- Supplied data:
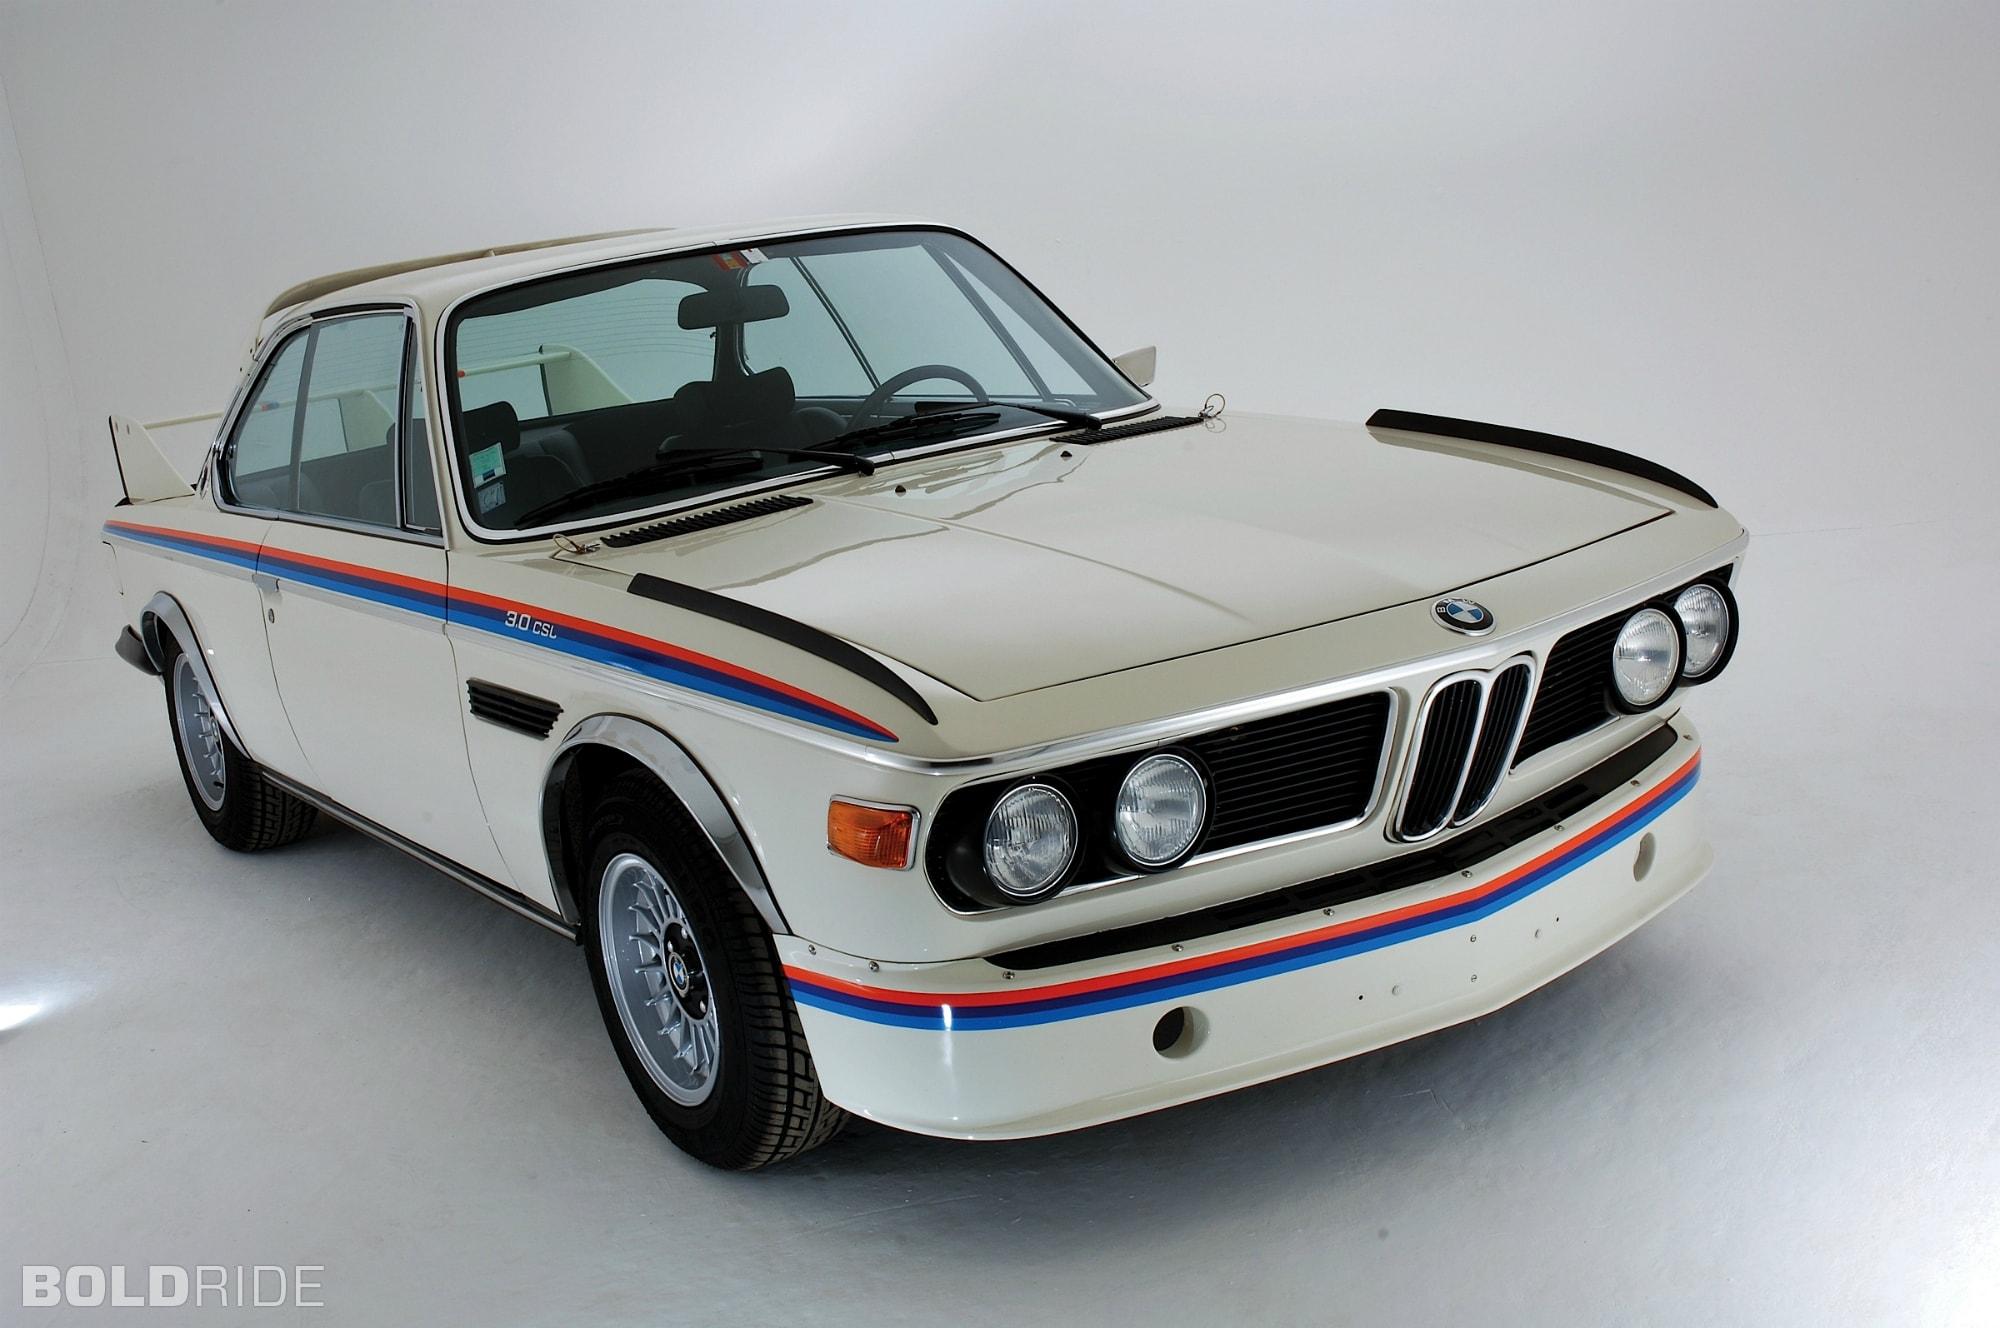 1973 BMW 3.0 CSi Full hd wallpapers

---

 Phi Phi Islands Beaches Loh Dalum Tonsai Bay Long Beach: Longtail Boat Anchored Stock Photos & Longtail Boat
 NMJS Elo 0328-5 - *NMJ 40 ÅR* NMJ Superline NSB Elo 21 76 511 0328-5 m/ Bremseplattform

- What to produce:
With the line holding "Phi Phi Islands" as the first and the line holding "NMJS Elo 0328-5" as the last, please transcribe exactly the lines of the material above in that range and nothing else.

- Task result:
 Phi Phi Islands Beaches Loh Dalum Tonsai Bay Long Beach: Longtail Boat Anchored Stock Photos & Longtail Boat
 NMJS Elo 0328-5 - *NMJ 40 ÅR* NMJ Superline NSB Elo 21 76 511 0328-5 m/ Bremseplattform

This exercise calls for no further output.